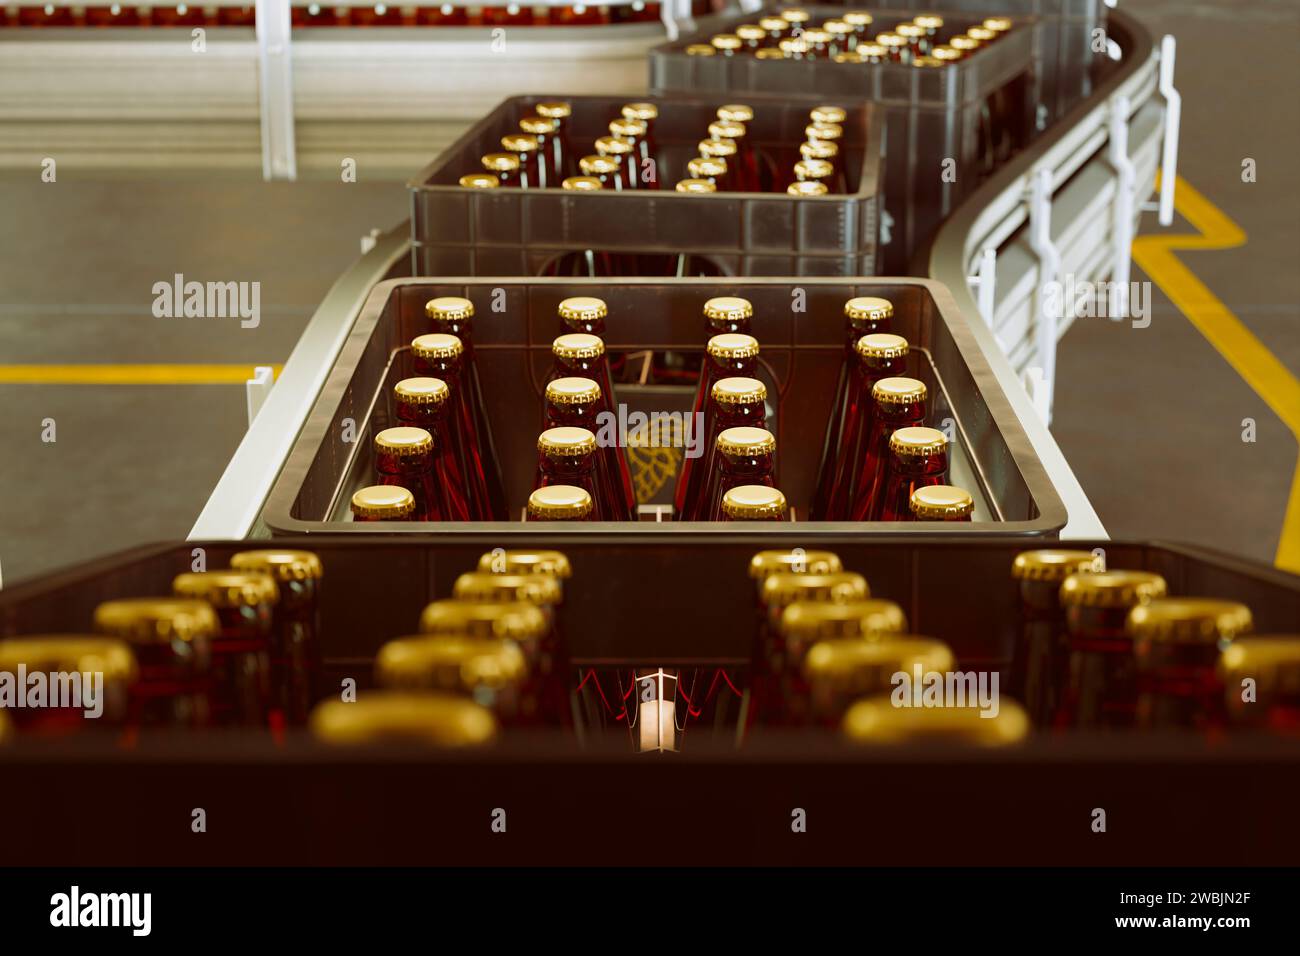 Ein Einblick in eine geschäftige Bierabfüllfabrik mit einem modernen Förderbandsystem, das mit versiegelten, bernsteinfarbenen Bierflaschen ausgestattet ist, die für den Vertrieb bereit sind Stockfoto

· · · ·

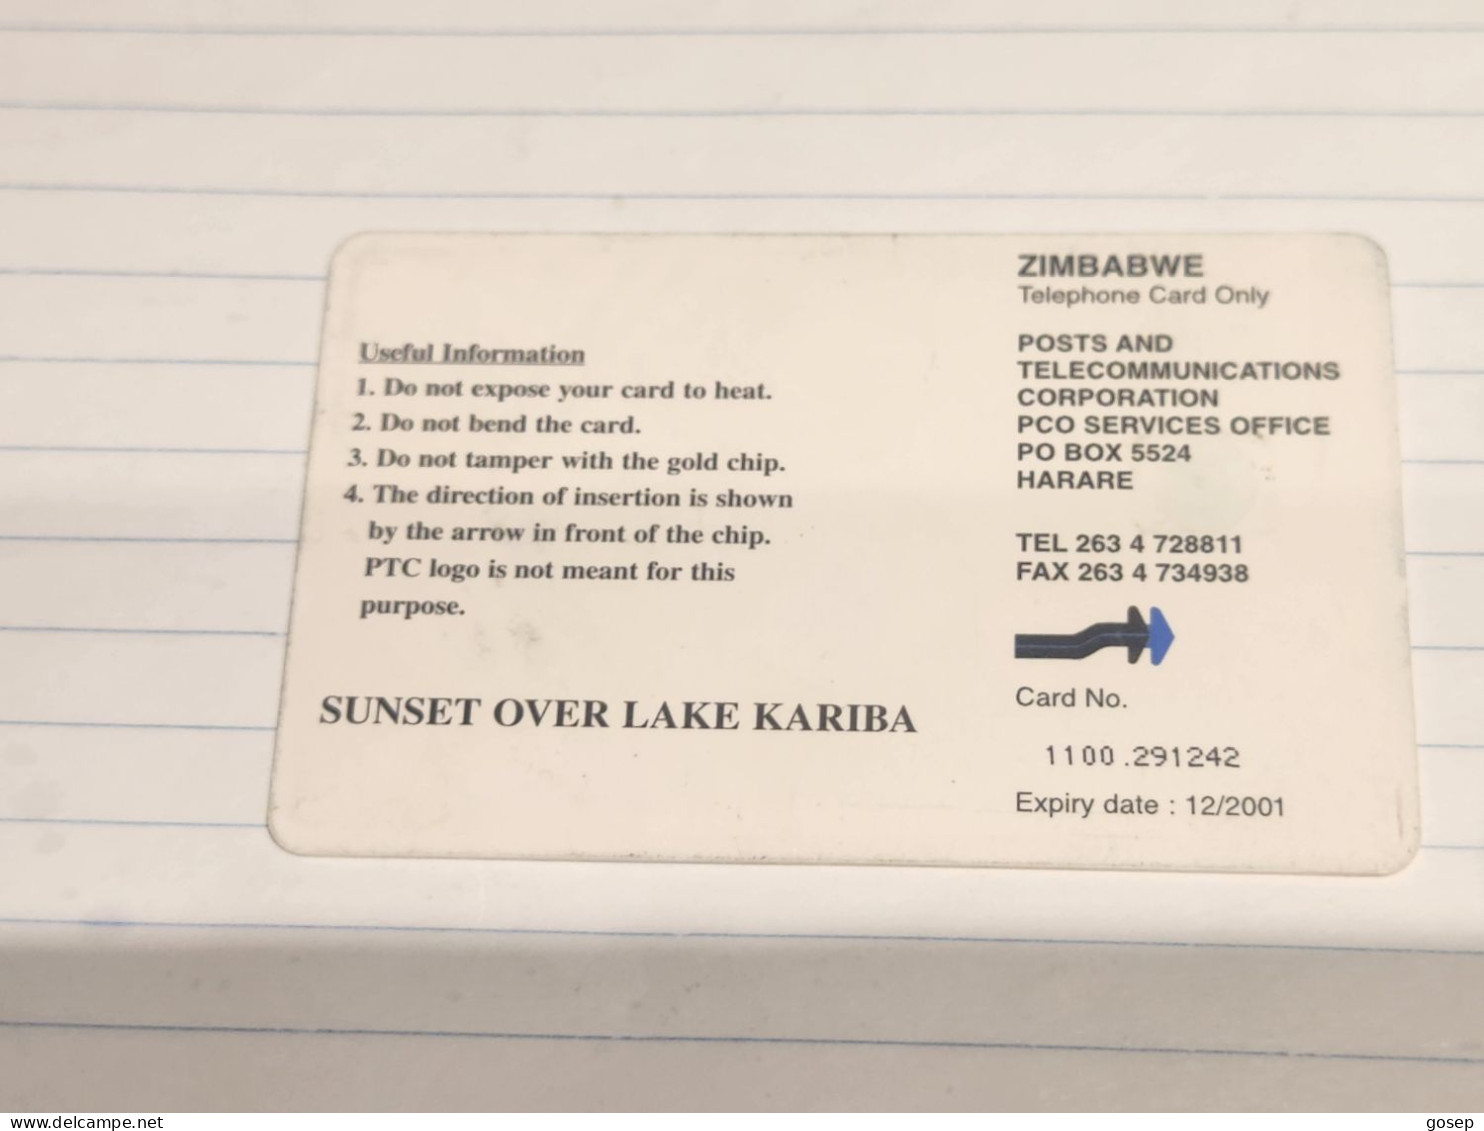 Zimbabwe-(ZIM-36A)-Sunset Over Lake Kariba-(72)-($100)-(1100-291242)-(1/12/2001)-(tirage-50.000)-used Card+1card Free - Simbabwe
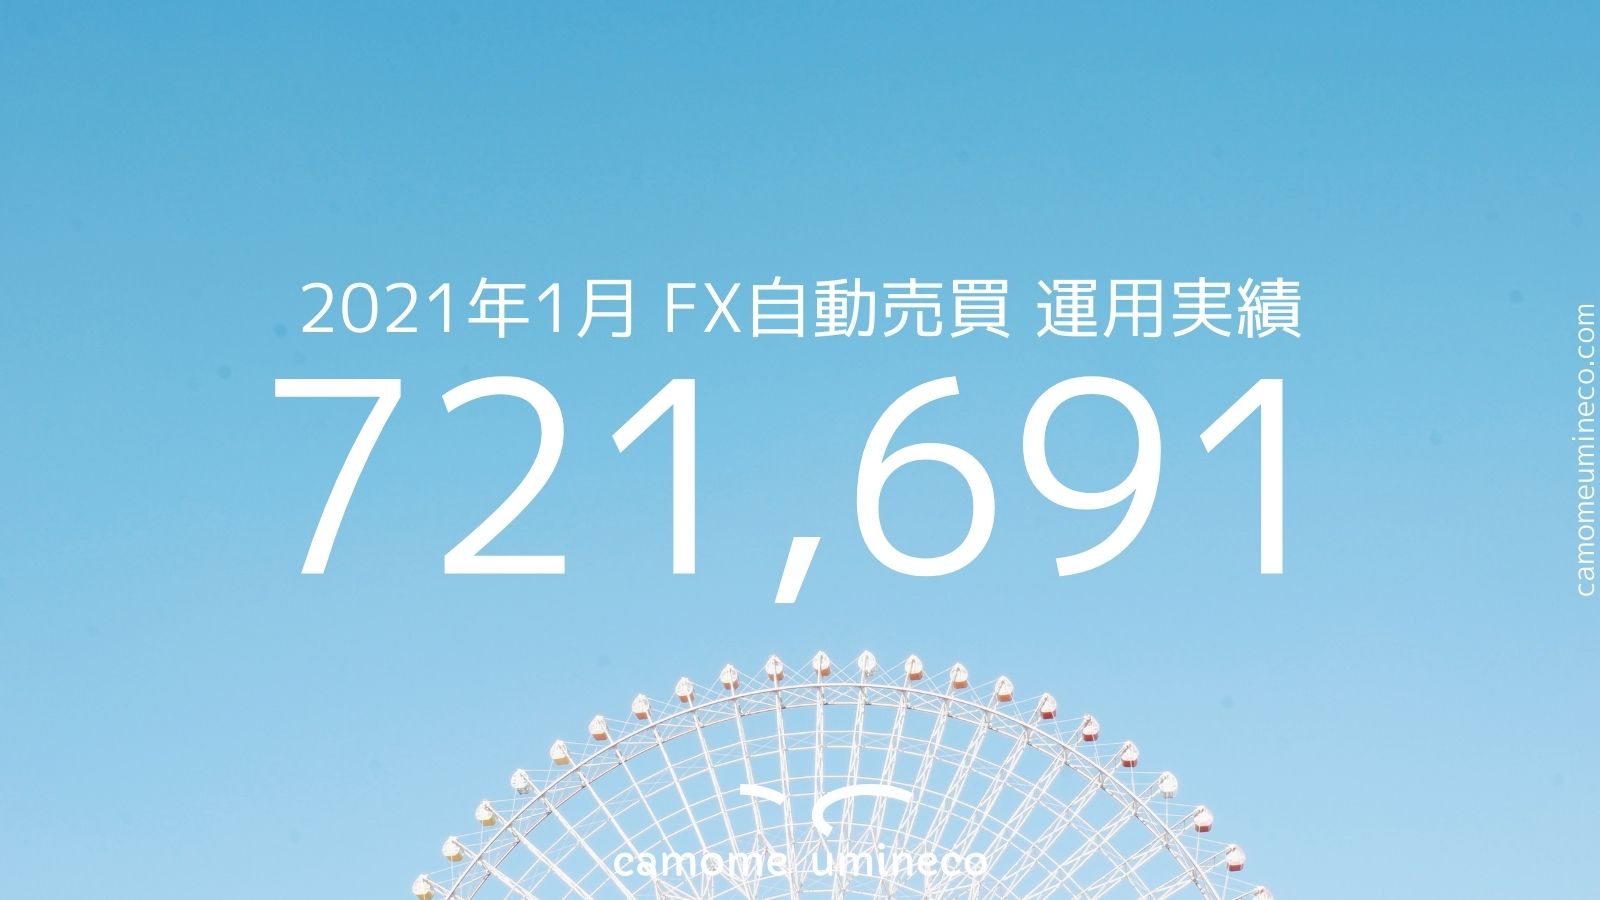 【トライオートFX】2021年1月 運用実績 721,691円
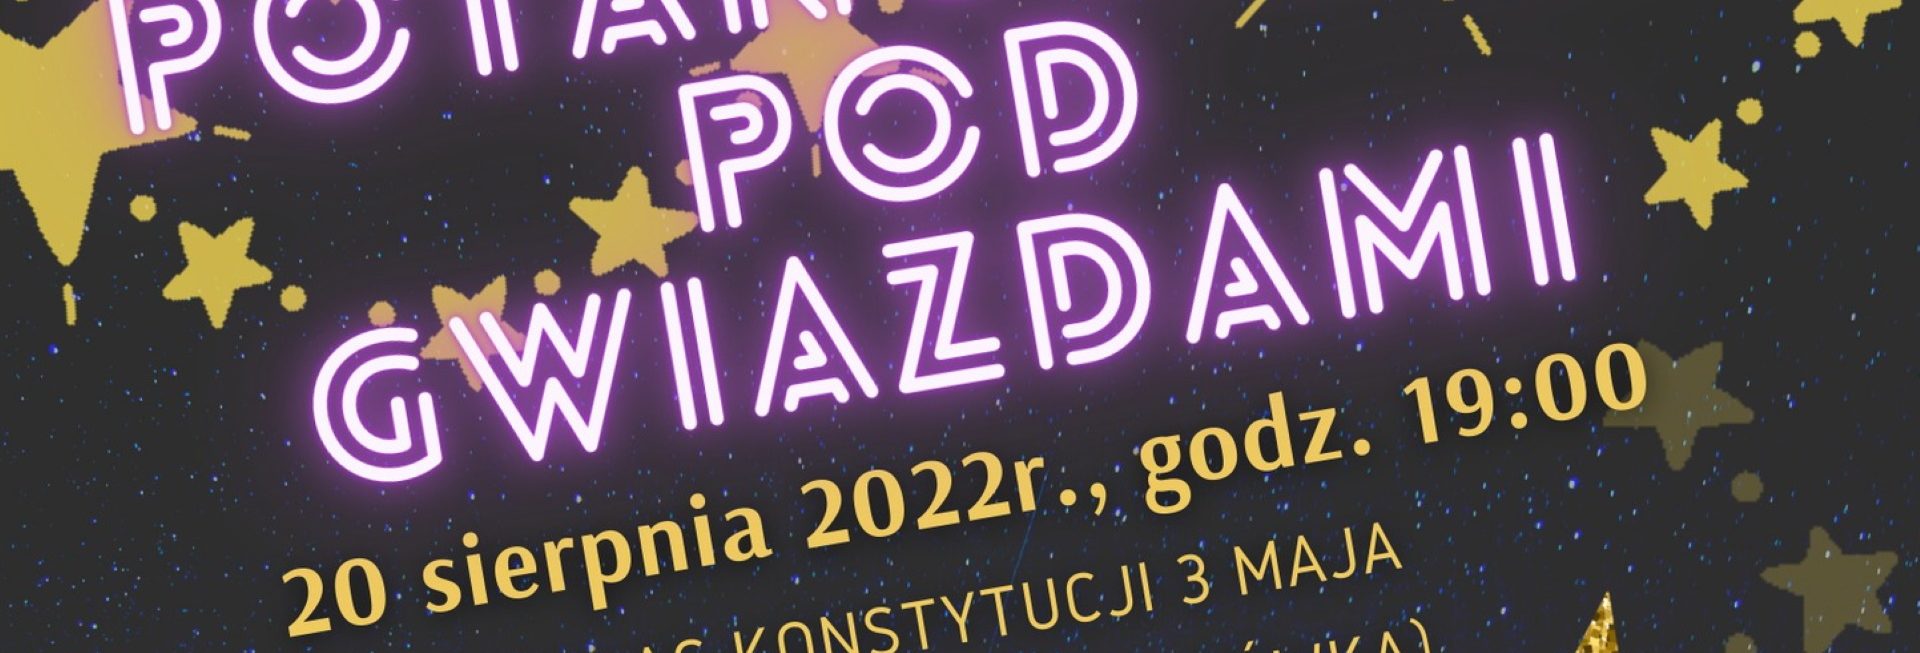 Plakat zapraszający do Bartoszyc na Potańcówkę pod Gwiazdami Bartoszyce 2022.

· · · ·

With the pictures omitted, print the lines above exactly, beginning at the line with "Zimbabwe-(ZIM-36A)-Sunset Over Lake" and going on through the line with "Plakat zapraszający do".

 Zimbabwe-(ZIM-36A)-Sunset Over Lake Kariba-(72)-($100)-(1100-291242)-(1/12/2001)-(tirage-50.000)-used Card+1card Free - Simbabwe
 【トライオートFX】2021年1月 運用実績 721,691円
 Plakat zapraszający do Bartoszyc na Potańcówkę pod Gwiazdami Bartoszyce 2022.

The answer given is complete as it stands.